Ce n’est pas un manque de sérieux ni de professionnalisme. C’est un phénomène psychologique et cognitif bien documenté : votre cerveau doit gérer en parallèle la situation à fort enjeu, la relation au public et la langue étrangère. Résultat : la charge mentale explose et le stress aussi.
Dans cet article, nous vous proposons de comprendre ce qui se joue réellement derrière ce trac à l’oral anglais et d’identifier quatre leviers concrets pour l’apaiser, sans attendre un hypothétique niveau C1 ou C2.

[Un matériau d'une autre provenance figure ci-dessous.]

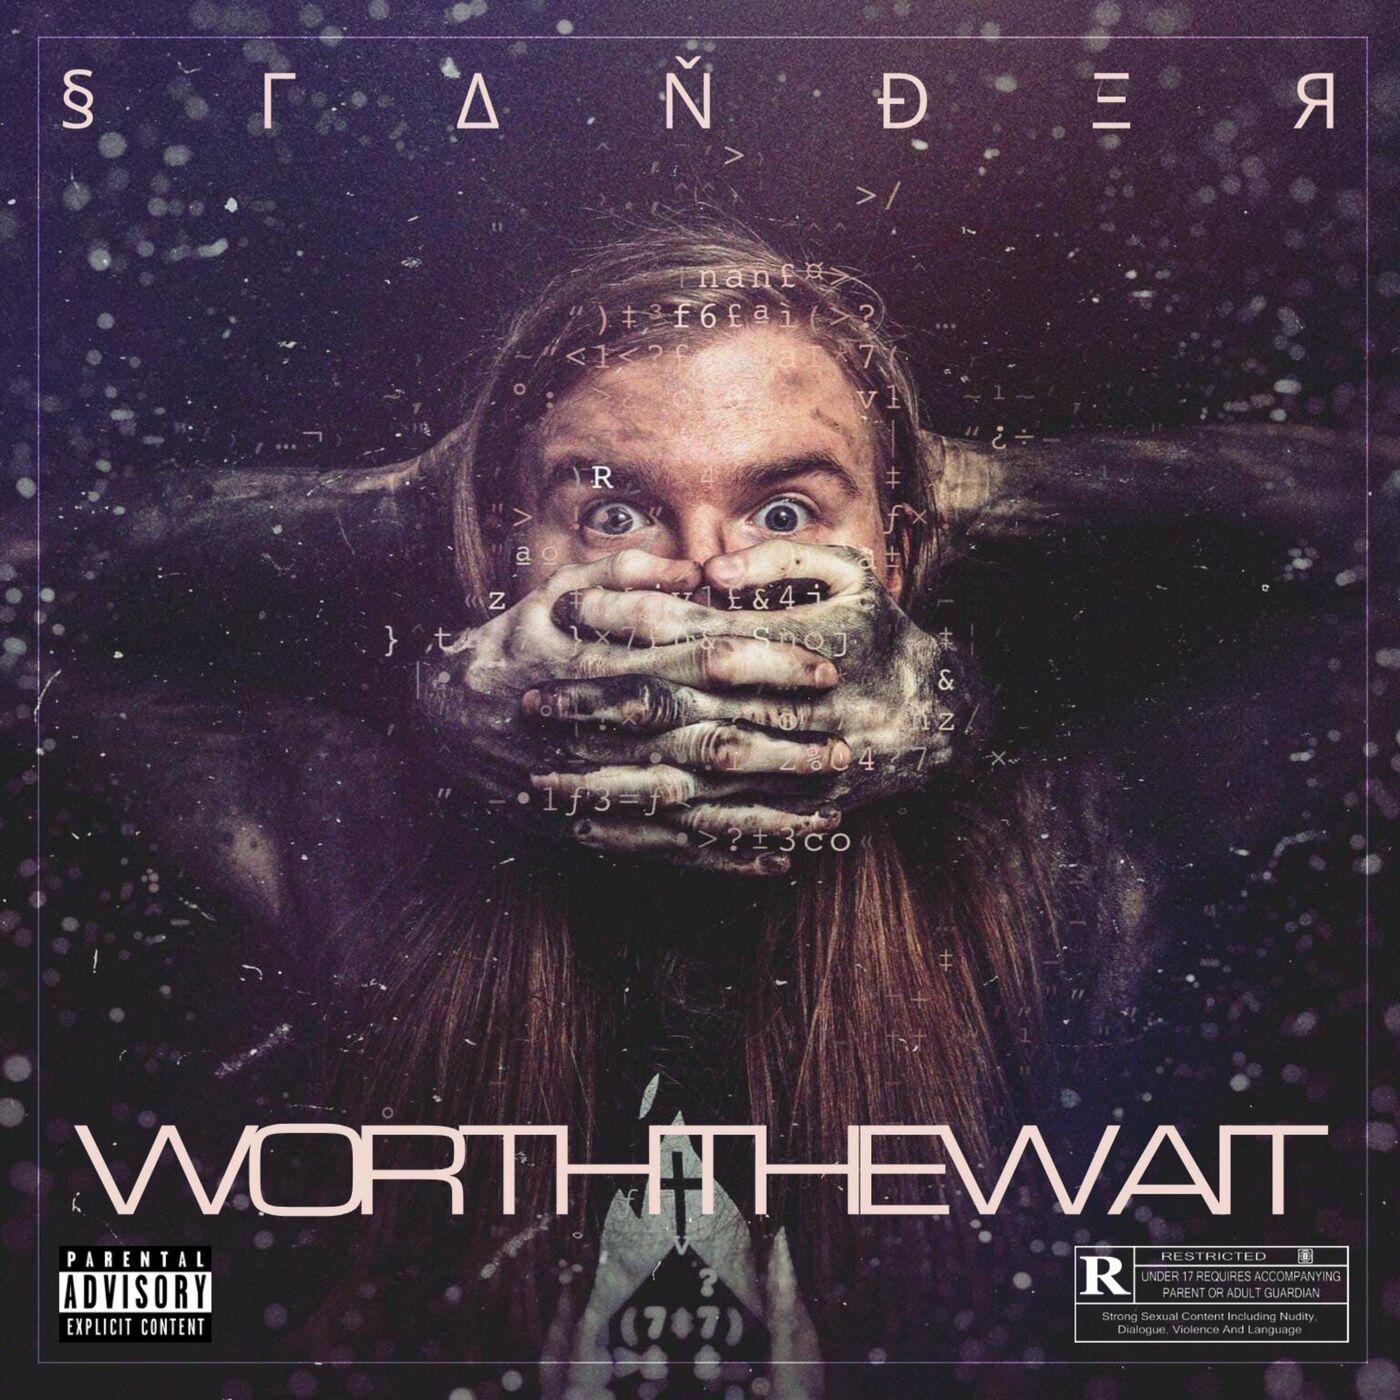 Worth The Wait - Slander (Dead Inside) [single] (2020)
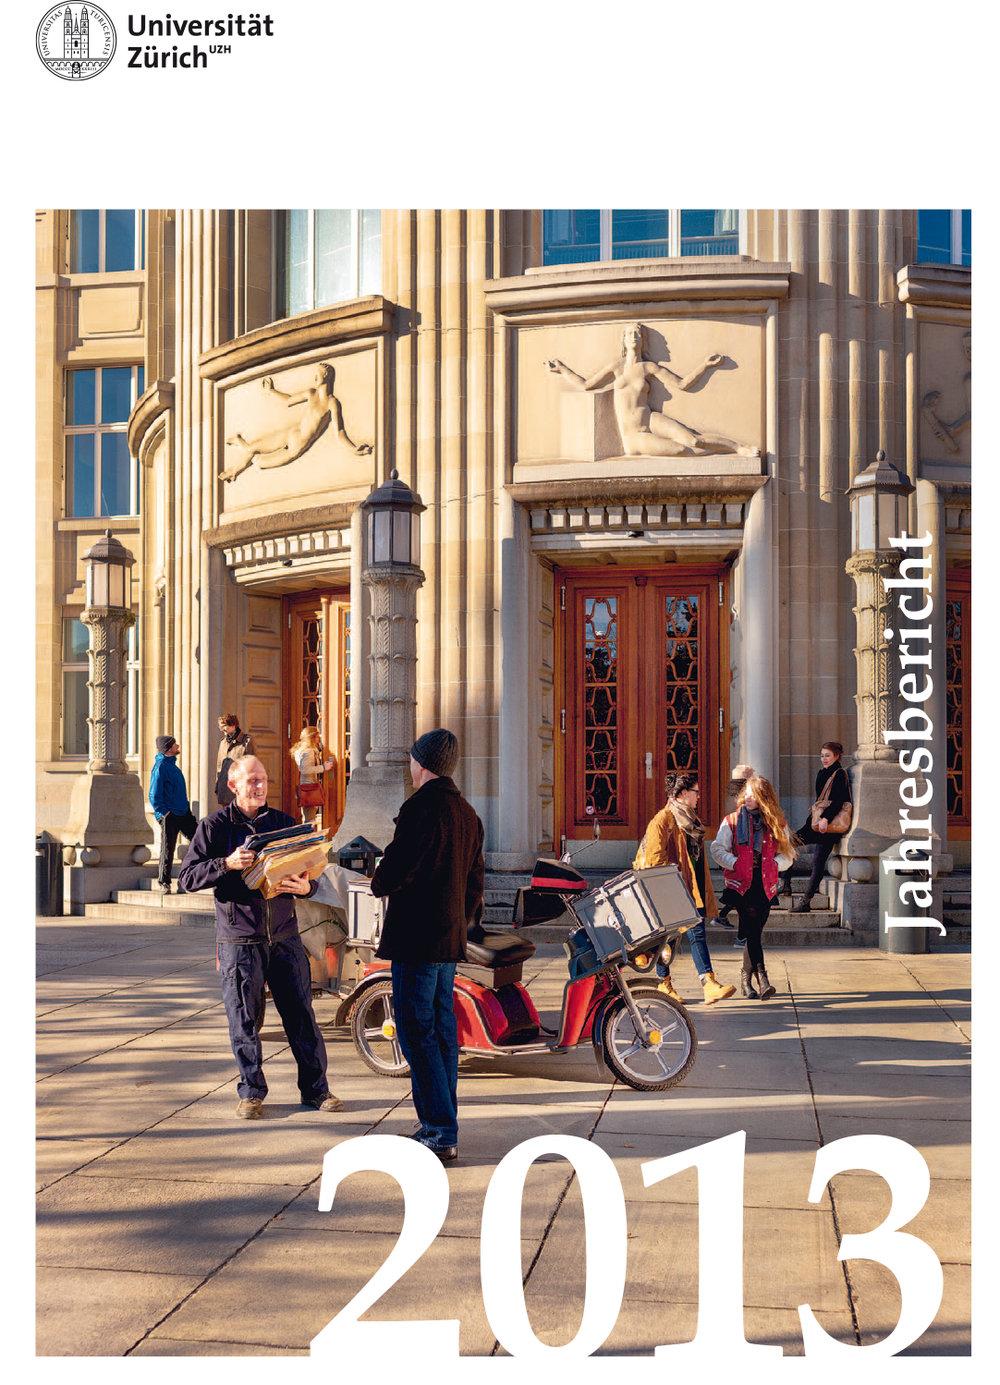 UZH_Jahresbericht_2013-1.jpg

Trac à l’oral anglais : pourquoi le stress redouble quand on change de langue
Temps de lecture : ~12 min
- Comprendre le trac et la glossophobie
- Pourquoi parler en anglais décuple le trac à l’oral
- Ce qui se passe dans le cerveau quand vous changez de langue
- Quatre leviers pour atténuer le double trac à l’oral en anglais
- Questions fréquentes sur le trac à l’oral en anglais
Comprendre le trac et la glossophobie
Le trac est défini par les psychologues comme un sentiment d’anxiété ressenti avant ou pendant une épreuve, en particulier face à un public : inquiétude, peur, appréhension et parfois impression de perte de contrôle. On distingue souvent deux réalités : le trac courant – vécu par les artistes, orateurs ou dirigeants qui présentent un projet stratégique – et la glossophobie, peur beaucoup plus forte centrée sur le fait de parler devant un groupe, pouvant aller jusqu’à l’évitement systématique.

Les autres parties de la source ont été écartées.